> _WHAT THE TASK REQUIRES_:
Repeat the listing verbatim. Drop any pictures.

> _GIVEN INFORMATION_:
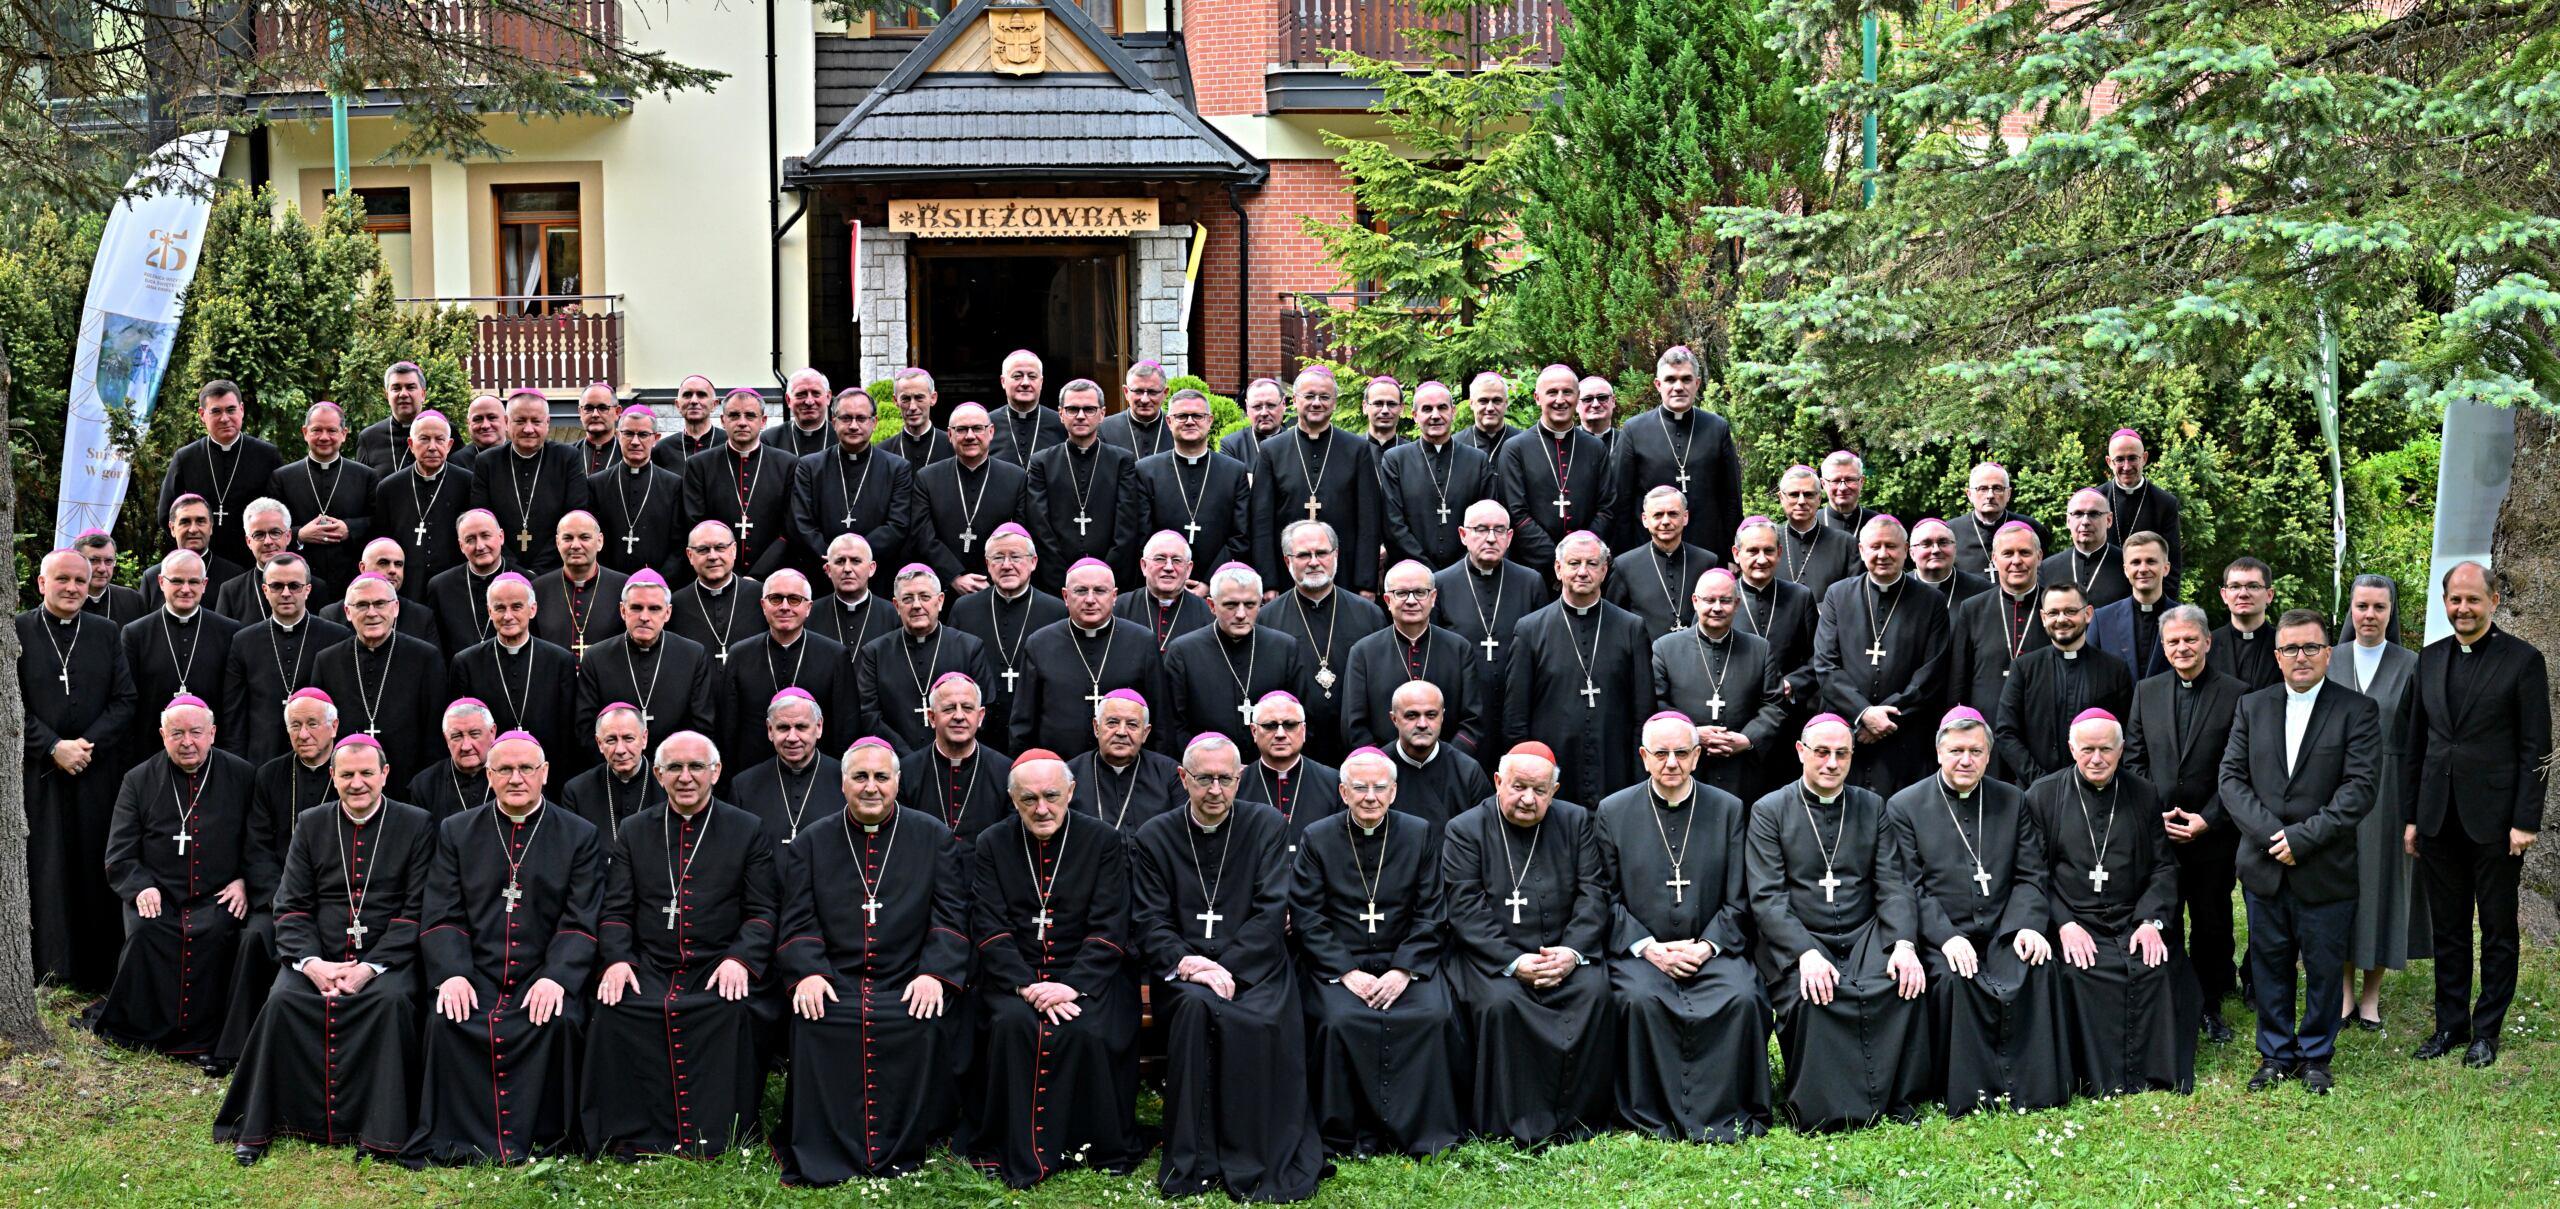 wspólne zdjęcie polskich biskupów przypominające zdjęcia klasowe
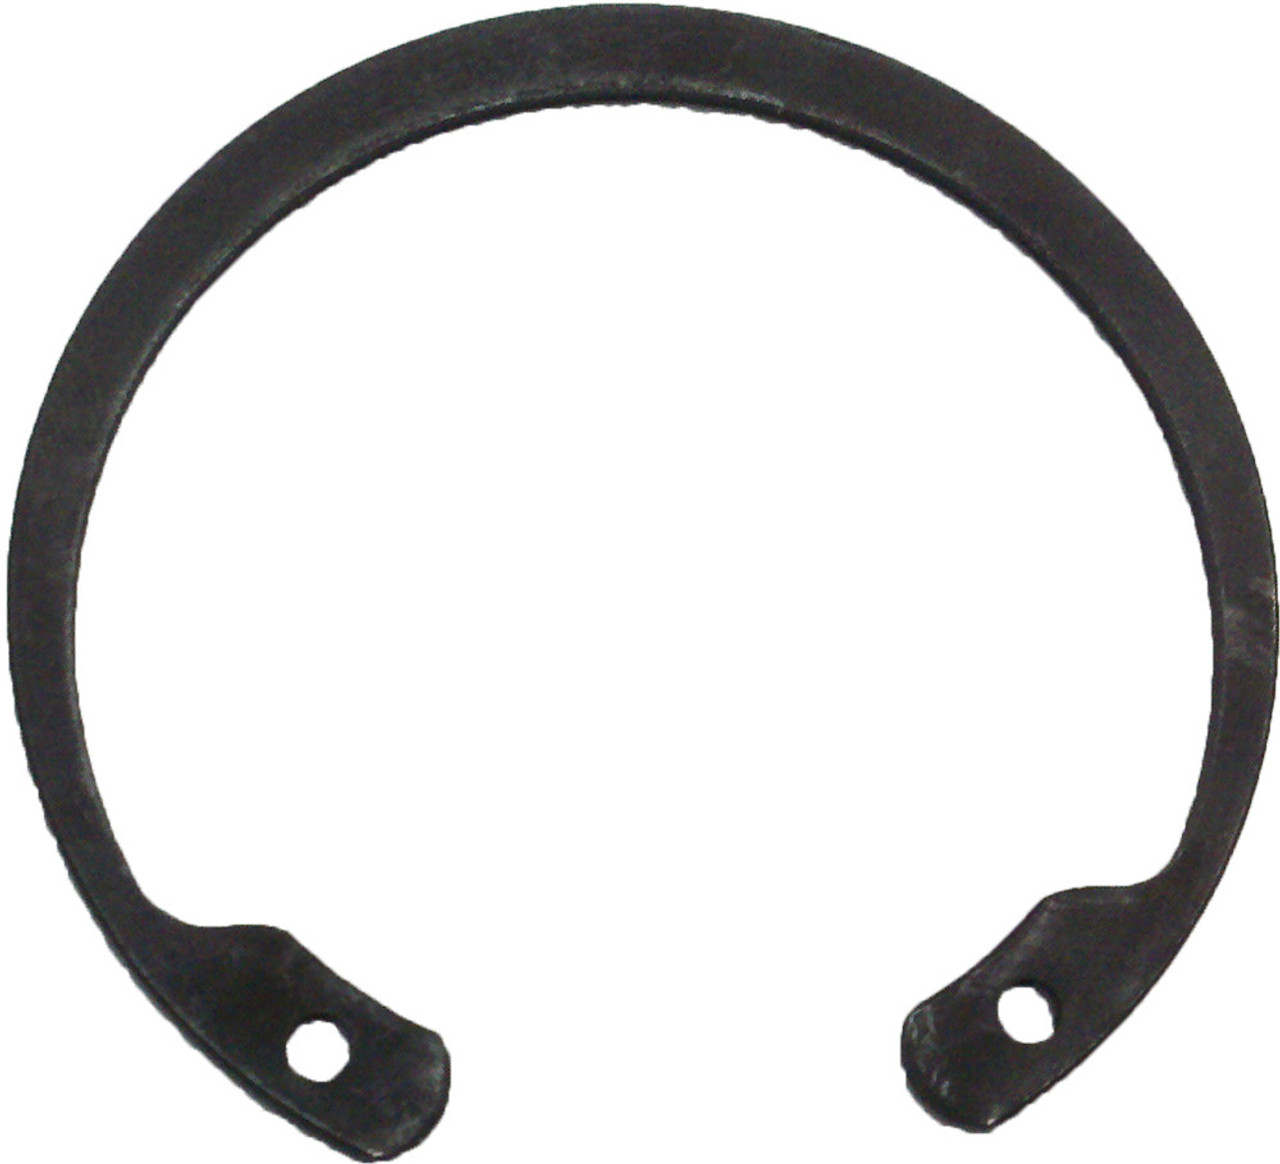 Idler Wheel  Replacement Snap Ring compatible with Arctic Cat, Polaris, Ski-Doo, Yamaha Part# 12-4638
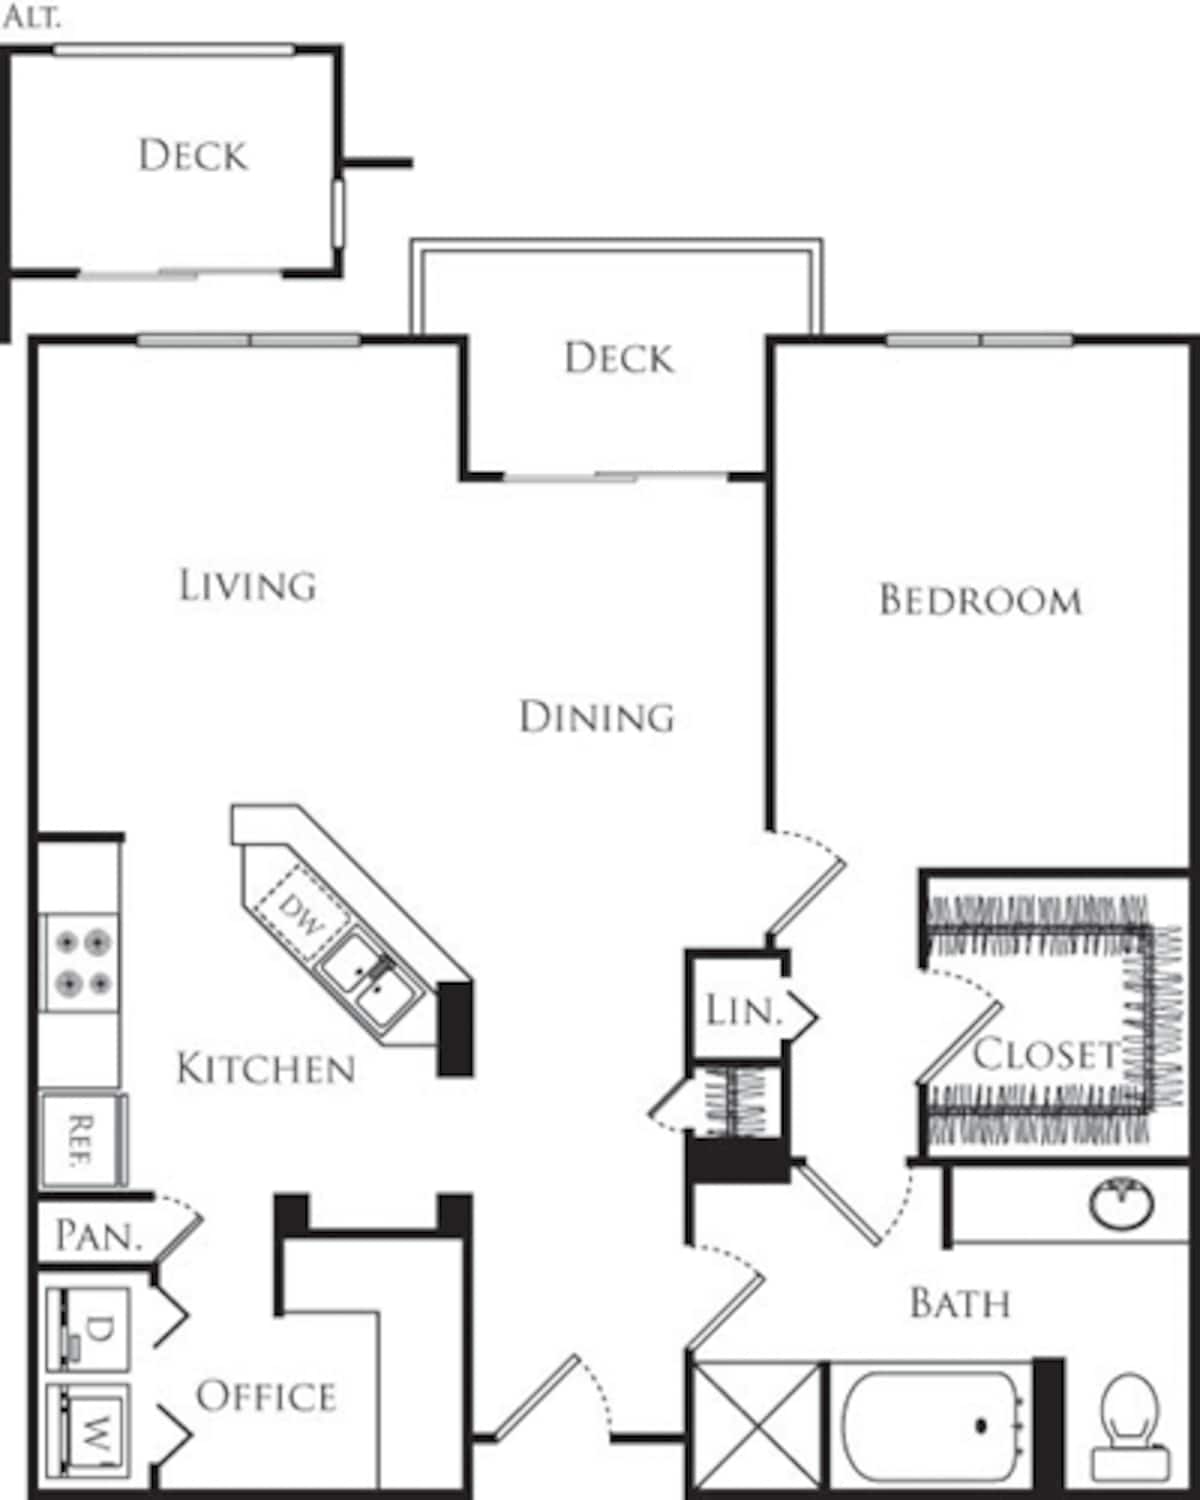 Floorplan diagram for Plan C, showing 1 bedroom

> _EXERCISE OUTPUT_:
 wspólne zdjęcie polskich biskupów przypominające zdjęcia klasowe
 Idler Wheel  Replacement Snap Ring compatible with Arctic Cat, Polaris, Ski-Doo, Yamaha Part# 12-4638
 Floorplan diagram for Plan C, showing 1 bedroom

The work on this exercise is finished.